Oseltamivir is an antiviral, which acts by inhibiting viral neuraminidase that is required for the virus to be released from the host cells. Researchers reported that oseltamivir reduces inflammation. It is one of the mechanisms suggested in the reduction of influenza symptoms (Bird et al., 2015) and in the production of antipyretic effect (Treanor et al., 2000). Oseltamivir is primarily used for the treatment of influenza A and B infections. Oseltamivir’s target viral enzyme neuraminidase cleaves the sialic acid residues present terminally on carbohydrate moieties of host cell membrane and influenza virus envelop (Treanor et al., 2000). This process breaks down the membrane barriers and causes the release of progeny viruses from the host cells. Through the same process, new virion infects other cells. The neuraminidase inhibitors bring about the static infectious condition and make available these virions to the macrophages intracellularly (McKimm-Breschkin, 2013).

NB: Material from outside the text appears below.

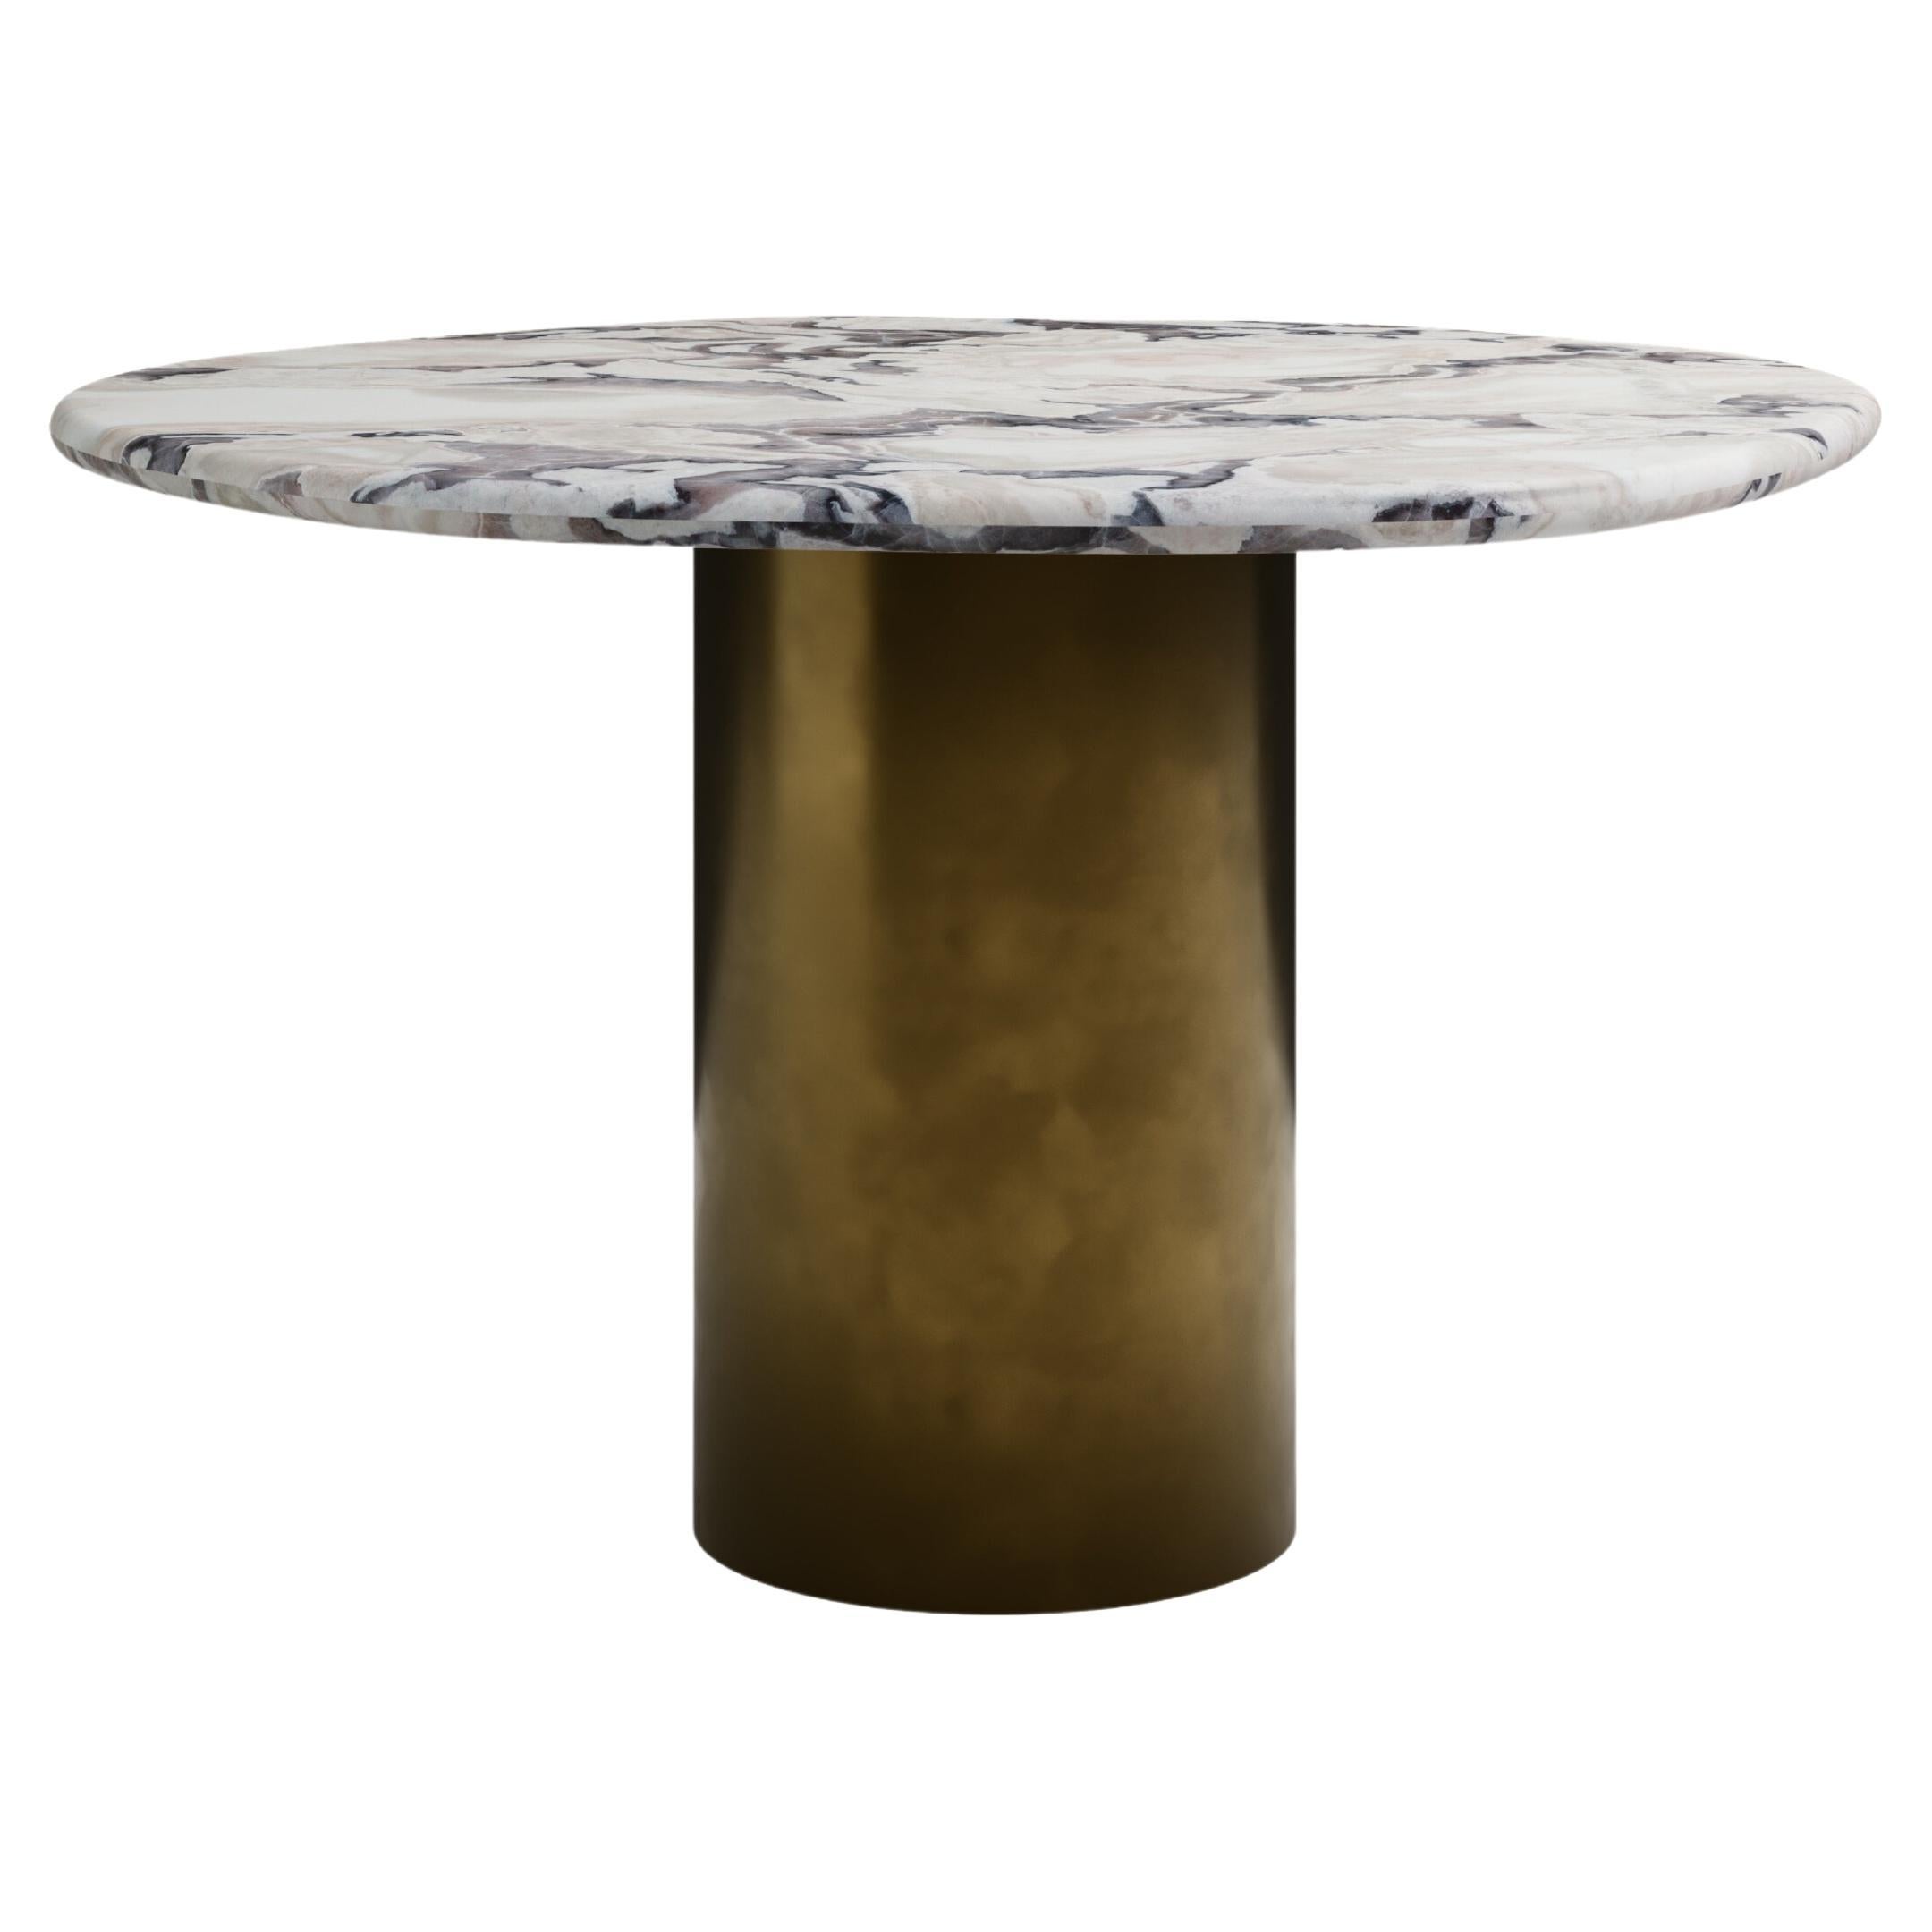 FORM(LA) Lago Round Dining Table 36”L x 36”W x 30”H Oyster Marble & Bronze For Sale
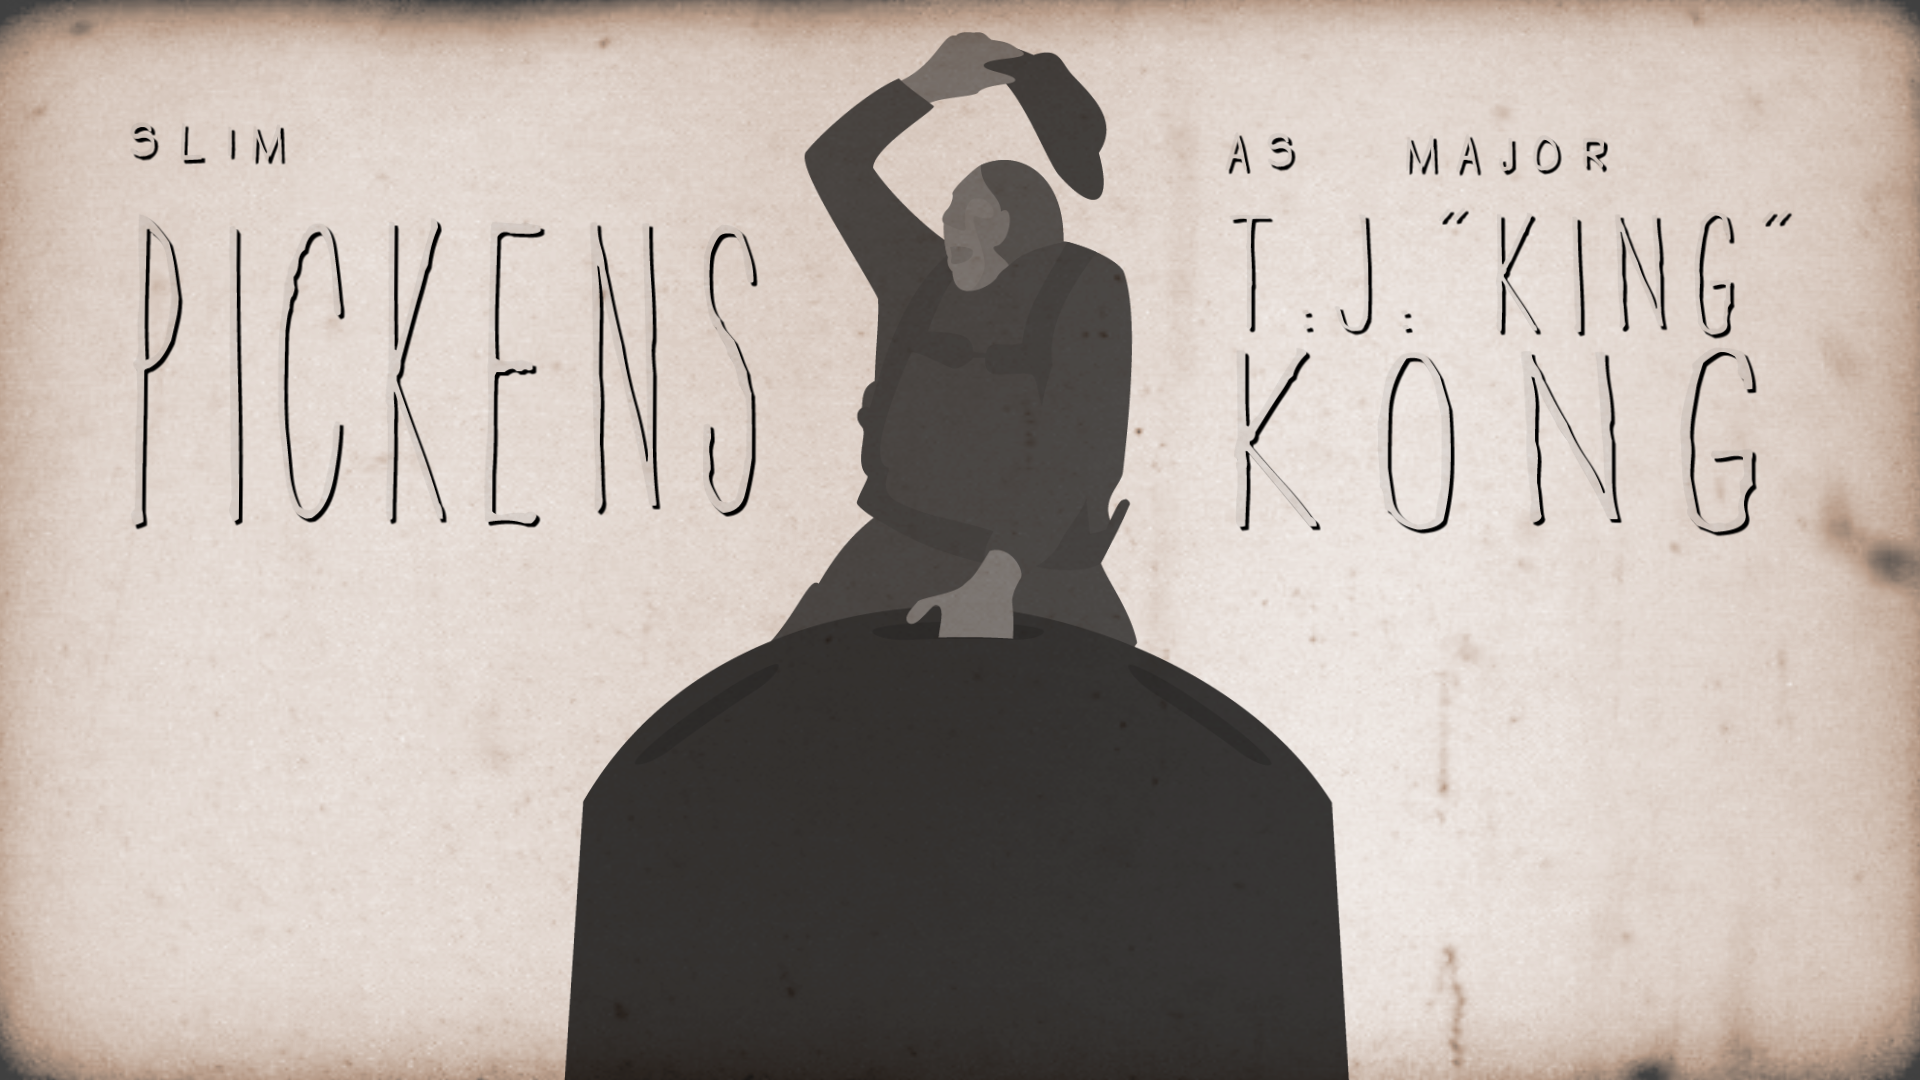 Screenshot of an animated intro to Dr. Strangelove. A man in pilot uniform sits on top of a bomb and waves his hat in the air. Next to him the text: 'Slim Pickens As Major T.J. King Kong'. The image has a white background and some film grain on top of it.

Sialidases are recognised as analogues to viral neuraminidase in humans, and they have been termed as human neuraminidases (hNEU). Exploration of hNEU chemistry and pharmacology revealed to exhibit the same structure and function as that of viral neuraminidase (Magesh et al., 2009; Glanz et al., 2018; Keil et al., 2022). Four isomers of sialidase, which are now known as hNEU, have been recognised, and they hydrolyse sialosides, gangliosides and glycoproteins in humans (Seo et al., 2021). These enzymes were found to play pivotal roles in different pathological states such as diabetes, (Easwaran et al., 2023a), cancers (Reddy et al., 2015) and neurodegenerative disorders (Miyagi and Taniguchi, 2008). hNEU-1 is the most abundant isoform of enzyme among all hNEU, which is present in lysosomes and plasma membrane and is a part of membrane complex (Maurice et al., 2016). hNEU-1 cleaves sialic acid from oligosaccharides and glycoproteins, and it has no effect on gangliosides. Sialidase (hNEU-2) localises in cytosol and catalyses sialic acid from verities of glycans. Sialidase (hNEU-3) is predominantly associated with plasma membrane and it selectively causes desialylation of gangliosides. Fourth isoform of sialidase (hNEU-4) exists mainly on membranes of cell organelles and possesses broad choice of glycan selectivity (Magesh et al., 2006).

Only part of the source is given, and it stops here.